> WHAT YOU HAVE TO DO: Everything from the line holding "This Cinco de" through the final line of the entries below is to be written out exactly, and nothing more; leave out pictures.

* * *

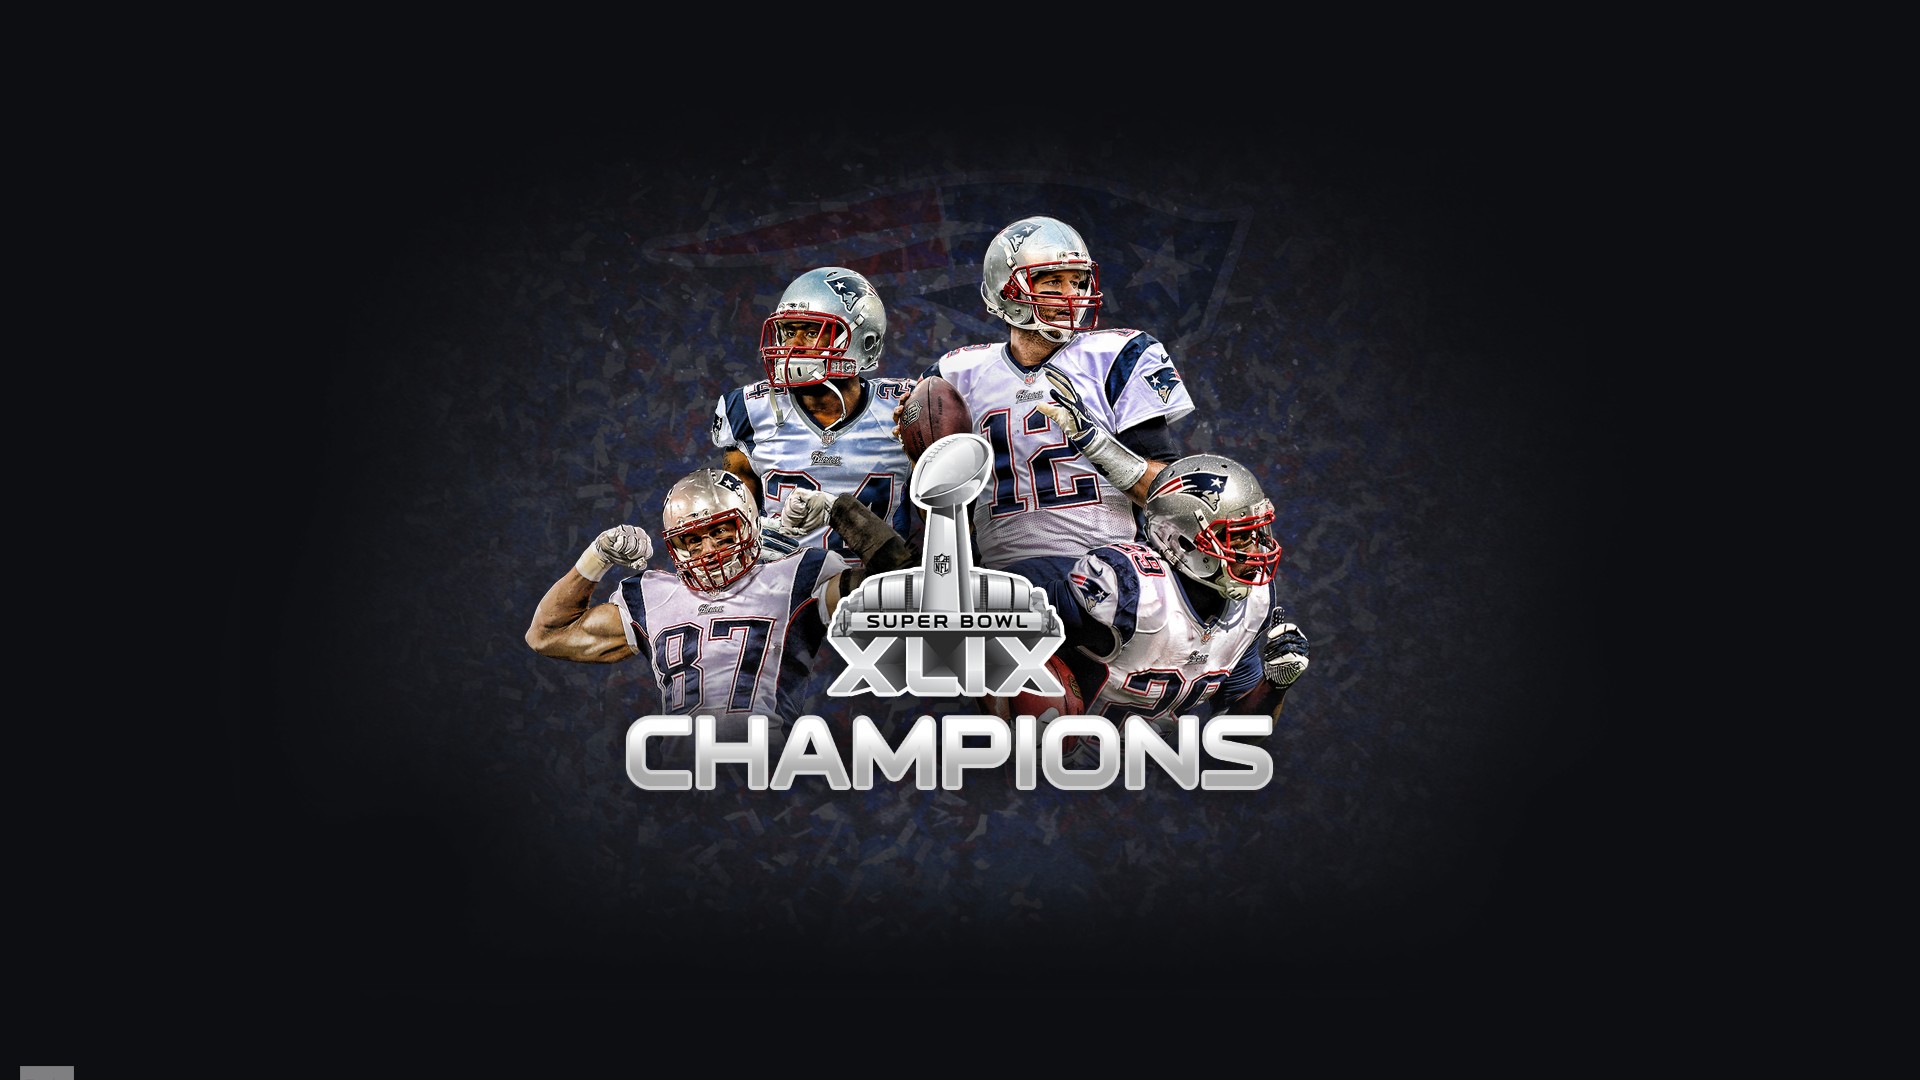 HD New England Patriots Backgrounds with resolution 1920x1080 pixel. You can make this wallpaper for your Mac or Windows Desktop Background, iPhone, Android or Tablet and another Smartphone device
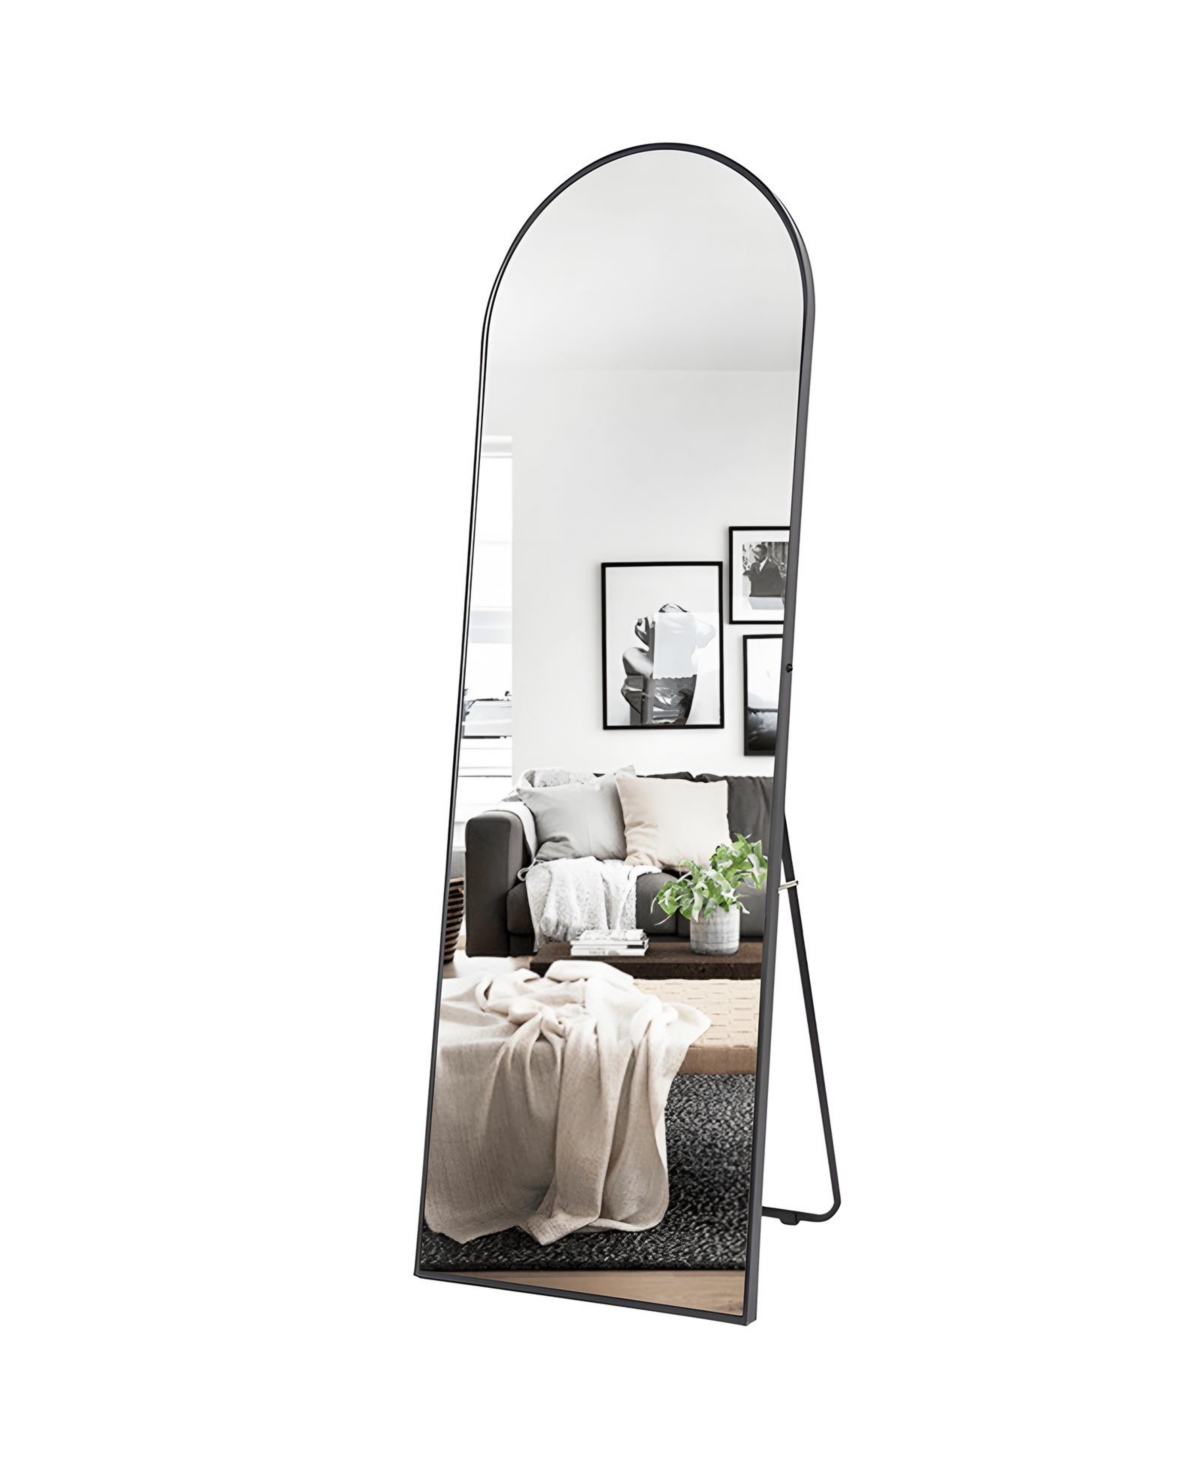 65 x22 inch Arched Full Length Mirror - Black
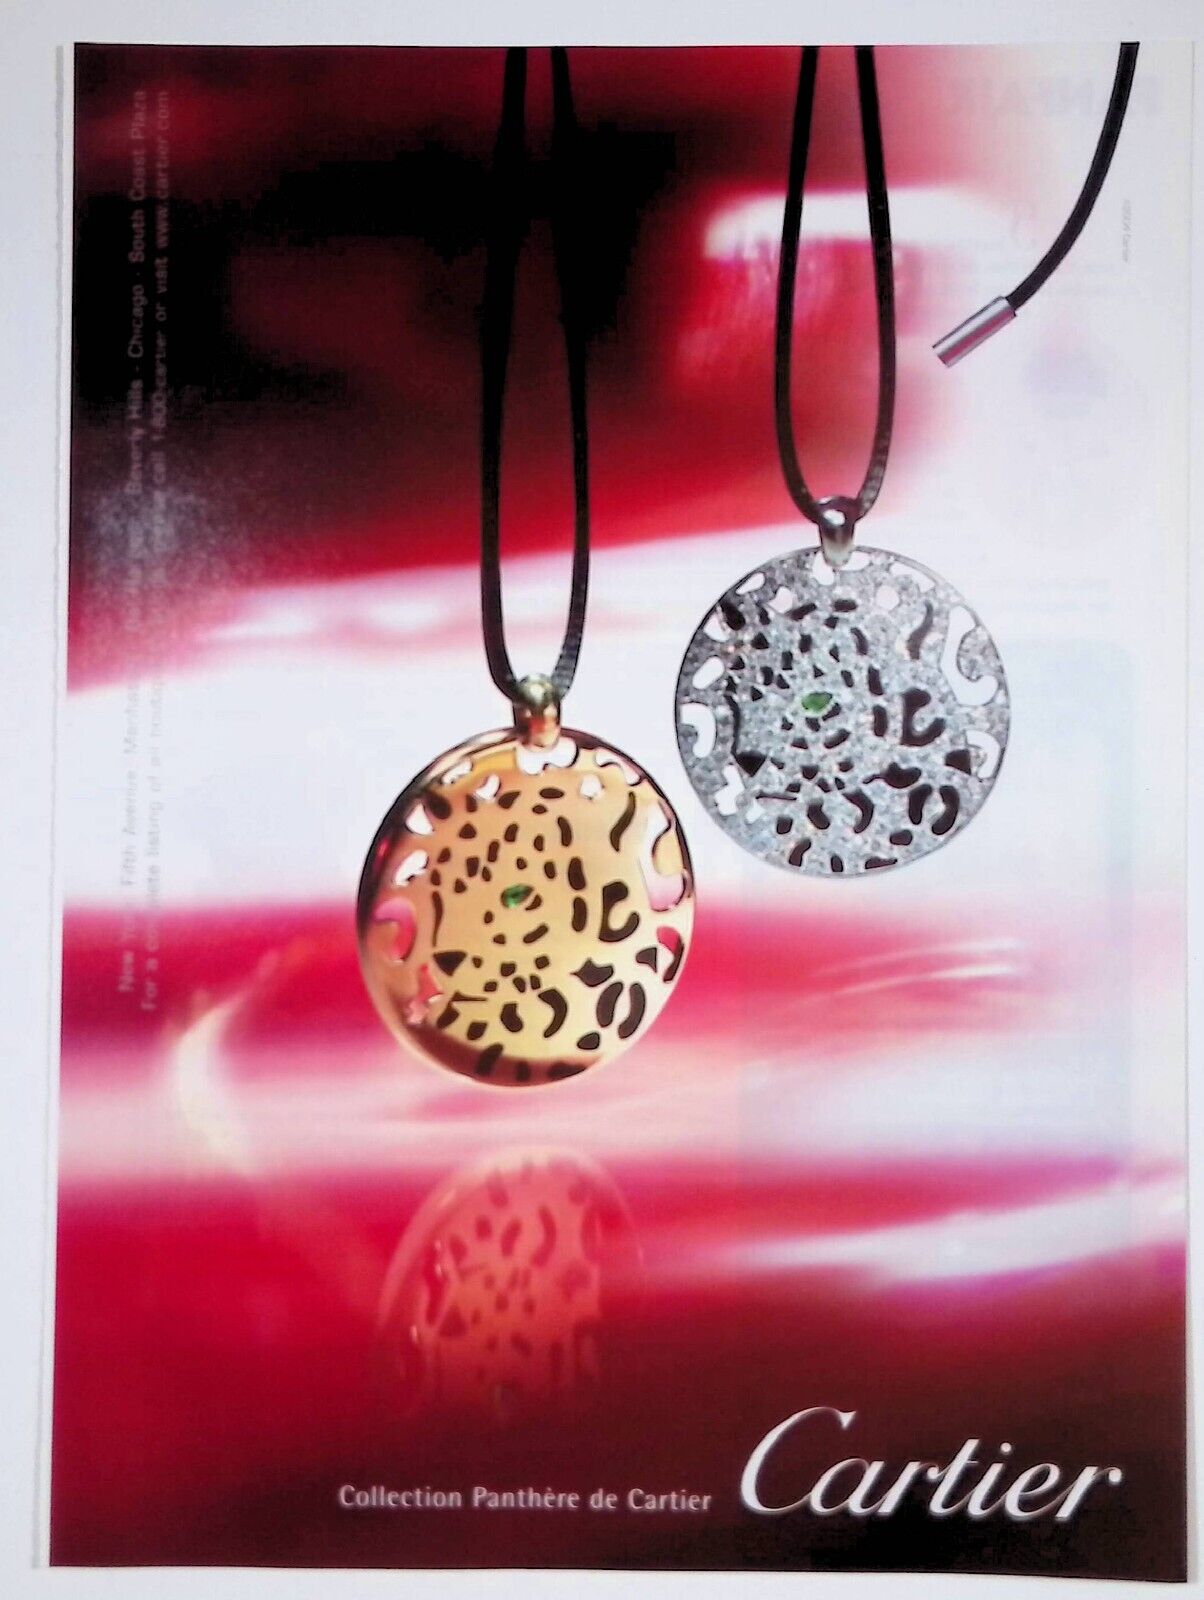 Cartier Collection Panthere Jewelry Print Ad Vanity Fair Magazine September 2004
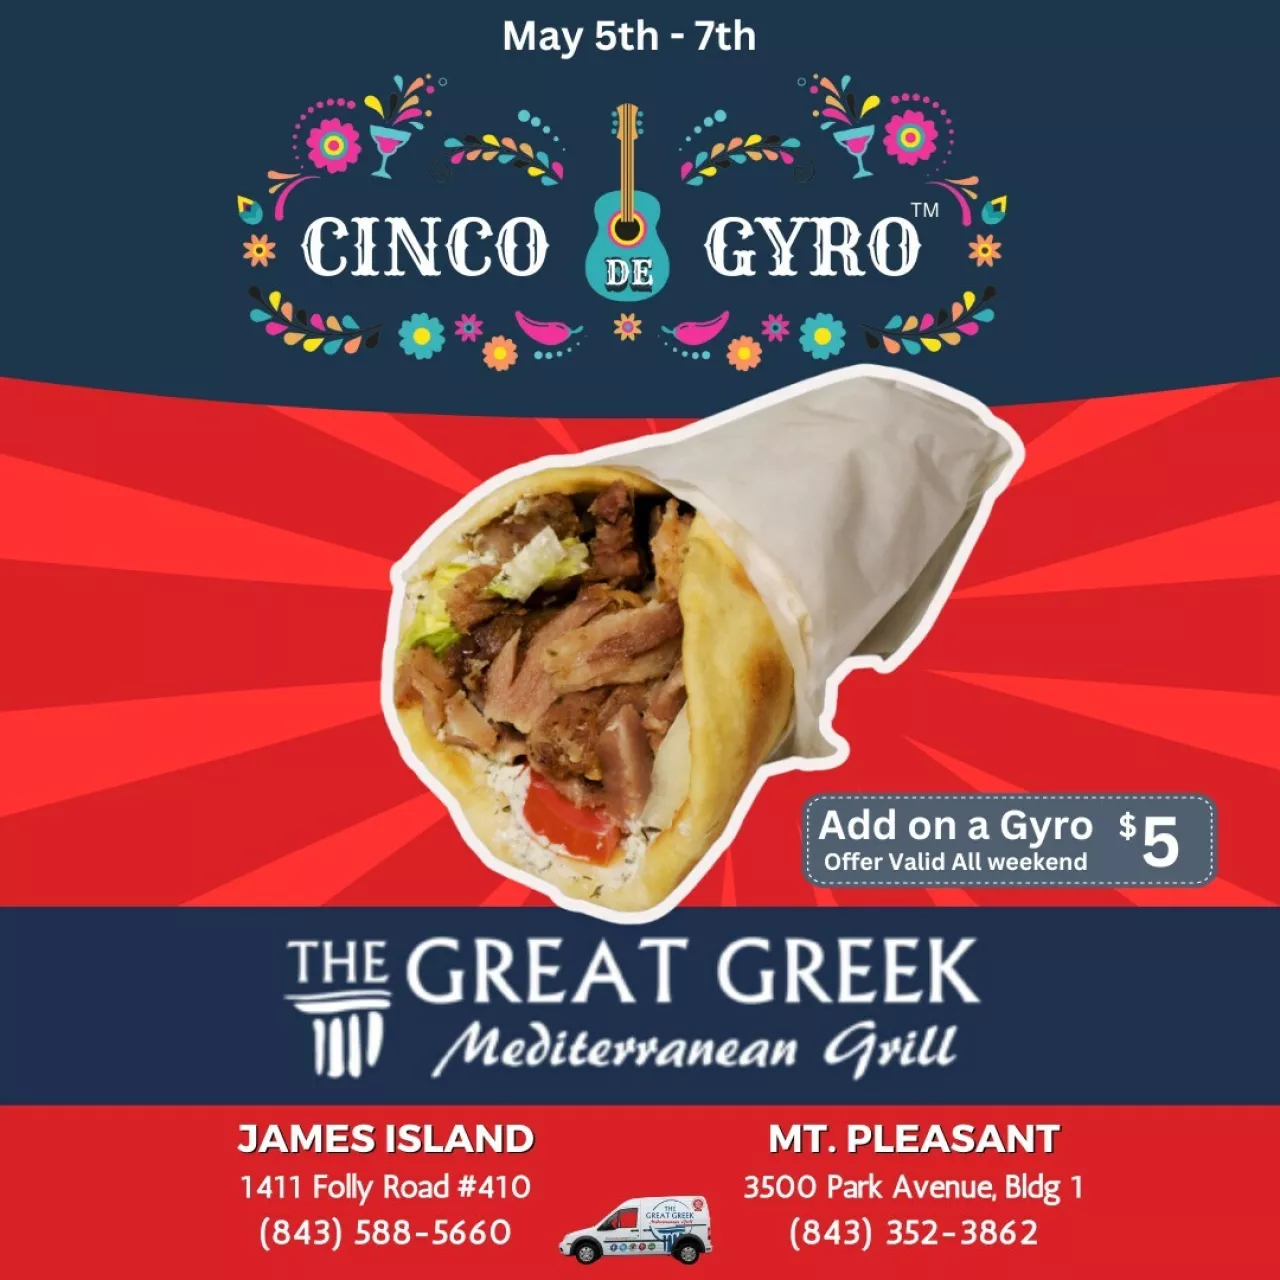 This Cinco de Gyro™ promotion is available all weekend, starting on Friday, May 5th, and ending on Sunday, May 7th. Don't miss out on this incredible deal - it's too good to pass up! Visit us at our James Island or Mt. Pleasant location and treat yourself to some of the best Greek food in town. img#1
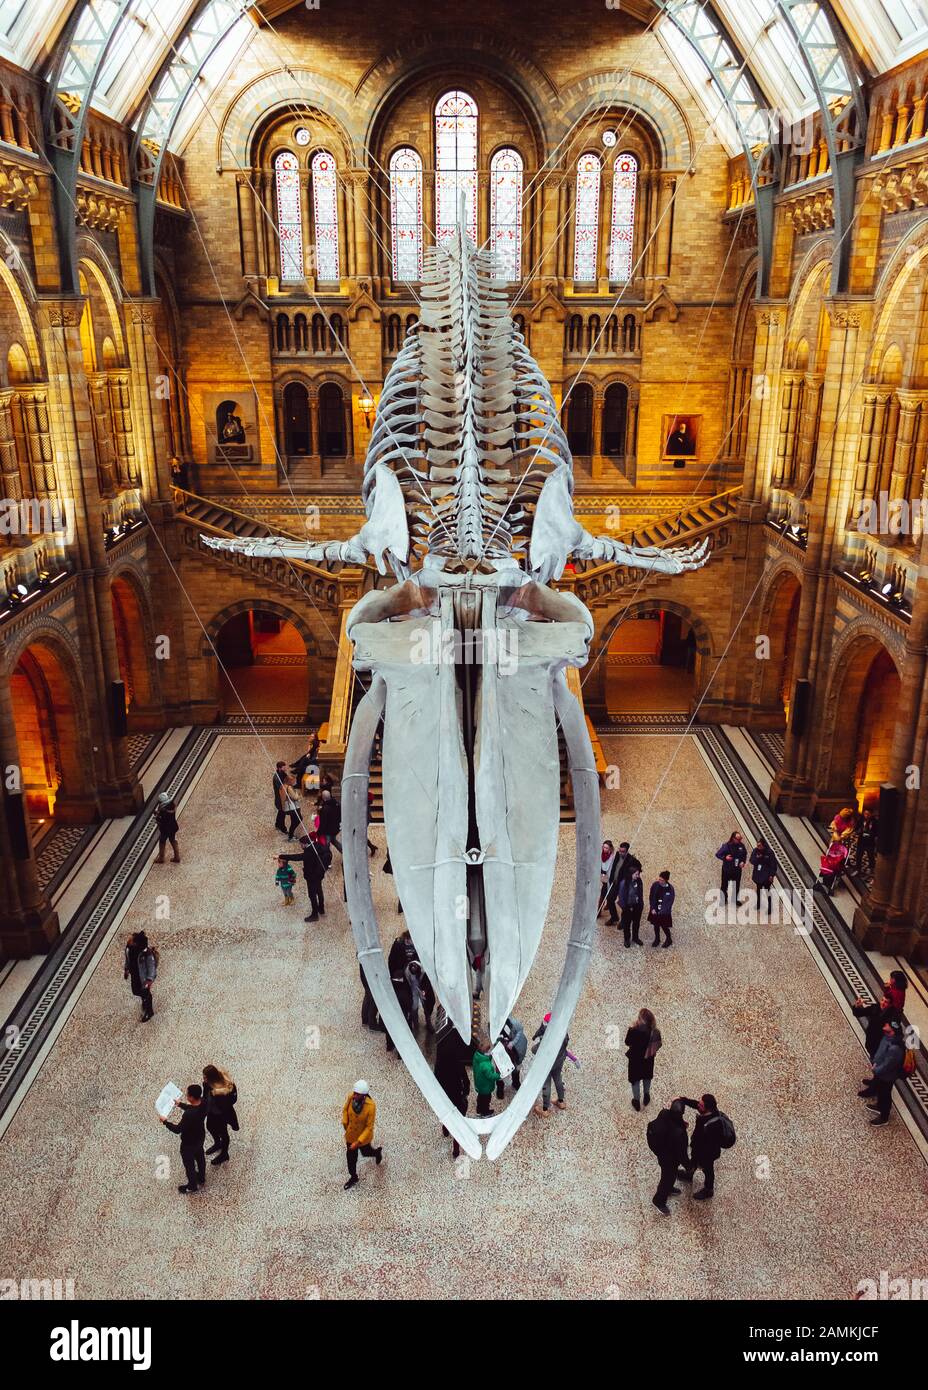 London, UK/Europe; 21/12/2019: Blue whale skeleton in the main hall of the Natural History Museum of London Stock Photo

* * *

> WRITTEN RESPONSE:
 This Cinco de Gyro™ promotion is available all weekend, starting on Friday, May 5th, and ending on Sunday, May 7th. Don't miss out on this incredible deal - it's too good to pass up! Visit us at our James Island or Mt. Pleasant location and treat yourself to some of the best Greek food in town. img#1
 London, UK/Europe; 21/12/2019: Blue whale skeleton in the main hall of the Natural History Museum of London Stock Photo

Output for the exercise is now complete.